A study by Teixeira et al., further observed that 22% of patients with a normal ECG went on to develop an NSTEMI, which on a practical level forces the clinician to achieve a precise clinical and biochemical characterisation, considering that a normal ECG may not necessarily be a benign finding. We believe that ischemic changes are dynamic and can thus evade detection [20].

Our study, however, is replete with limitations. Our study, for instance, was a single-center study, with a relatively small sample size.
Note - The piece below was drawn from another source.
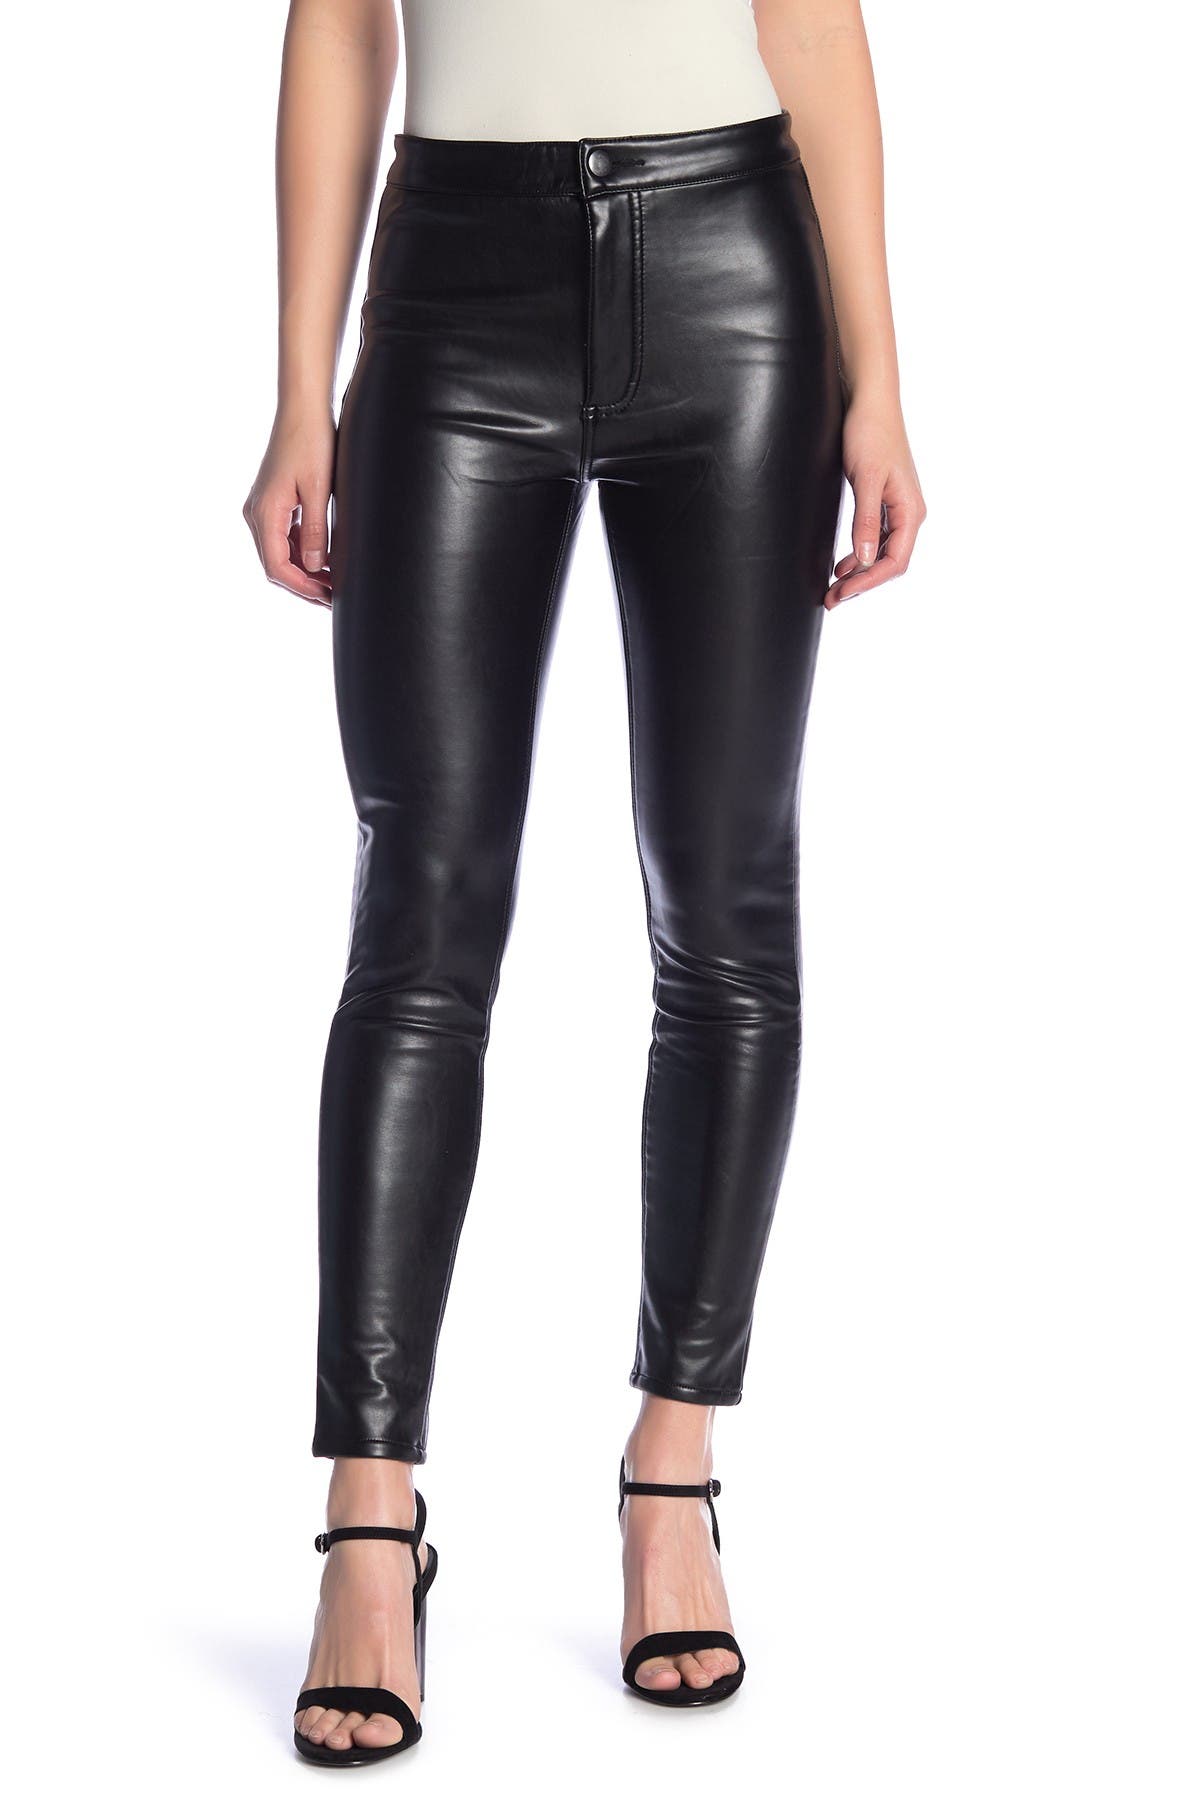 tight leather pants with a zip front to back

This means that the results obtained from our study cannot readily be generalised. Further studies with larger sample sizes are therefore required to truly ascertain the predictive ability of ECG. Furthermore, in hospitals experiencing an exorbitant influx of patients, the evaluation of cardiac enzymes might not always be feasible, meaning that a multitude of factors, included the associated costs, ought to be considered.

Conclusions

The frequency of NSTEMI was high among ACS patients presenting within 24 hours of the onset of symptoms on a background of unremarkable ECG findings. Unremarkable ECG findings should be construed with caution and thus categorically complemented with the evaluation of cardiac enzymes to conclusively ascertain the absence of an NSTEMI.